Цыганская серенада

         Недавно  Казахстан отмечал юбилей народного композитора Шамши Калдаякова. Его называли "Королем казахского вальса". Недруги и завистники сделали все, чтобы его выгнали из последнего курса  консерватории, оставшуюся жизнь больной композитор провел в городе Таразе жил в гараже пока  поклонник его таланта - обеспеченный дунганин не позаботился о нем. Он написал гимн Казахстана и имя стало его бессмертным. До сих пор живы его недоброжелатели и их не мучает совесть они сейчас с пеной у рта расхваливают Шамши Калдаякова и забыли как сделали все, чтобы уничтожить гения казахской музыки.

         Жаркое  летнее  солнце катилось по небу, как огненный шар,  испепеляя всё  вокруг. Одинокий молодой человек бесцельно брёл по городу ничем  не интересуясь, его  отрешённый взгляд вызвал сострадание у одной пожилой женщины участливо  спросившей, что случилось, но парень, погруженный в свои думы  не заметил её, и не остановился,  остальные  равнодушно спешили по своим делам. Алмас, двигался по улице, словно сомнамбула, ничего не видя вокруг, потрясённый до глубины души от неожиданного удара судьбы. 

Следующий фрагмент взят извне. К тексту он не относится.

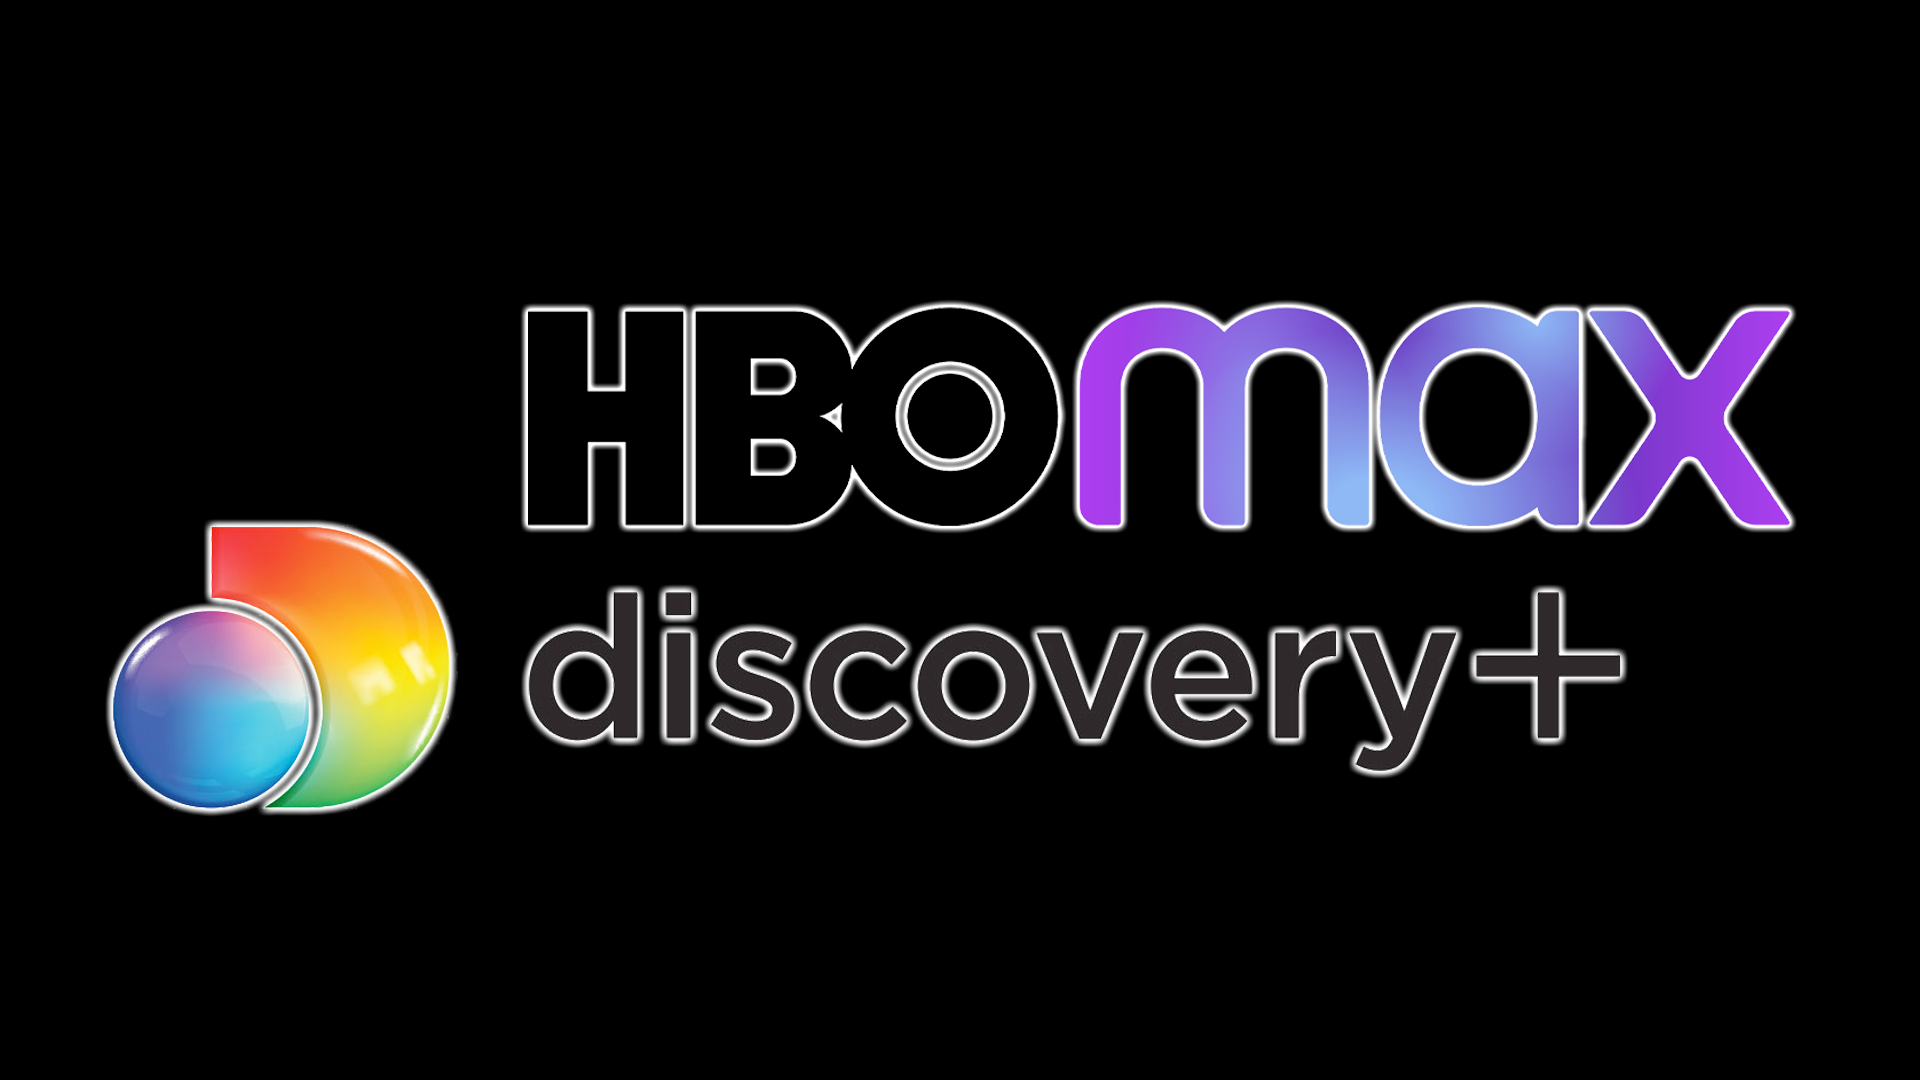 The HBO Max and Discovery+ logos.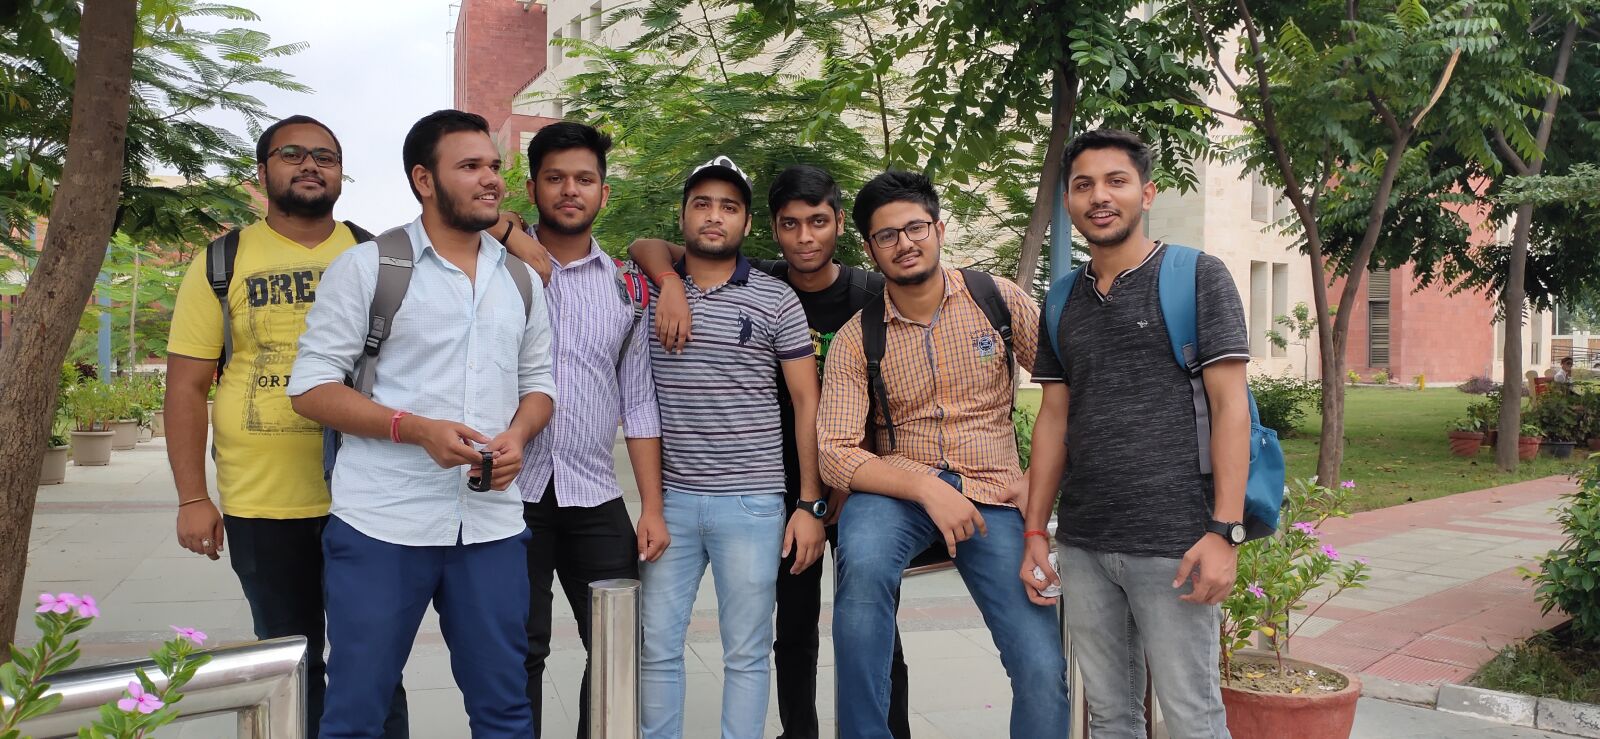 vivo 1951 sample photo. College, friends, engineers photography

         Утром  секретарша деканата вывесила  на видном месте   приказ  об отчислении студента второго курса консерватории А. Рахметова. Однокурсники,  прочитав приказ, безучастно проходили мимо. А приятели,  едва кивнув, при встрече тут же исчезали в толпе студентов. Некоторые злорадно ухмылялись про себя:
 «Давно  этого пьяницу надо было  выгнать! Ишь, возомнил себя великим композитором! Не хочешь  учиться, езжай в аул! Там  на домбре без знания нотной грамоты  можно тренькать!»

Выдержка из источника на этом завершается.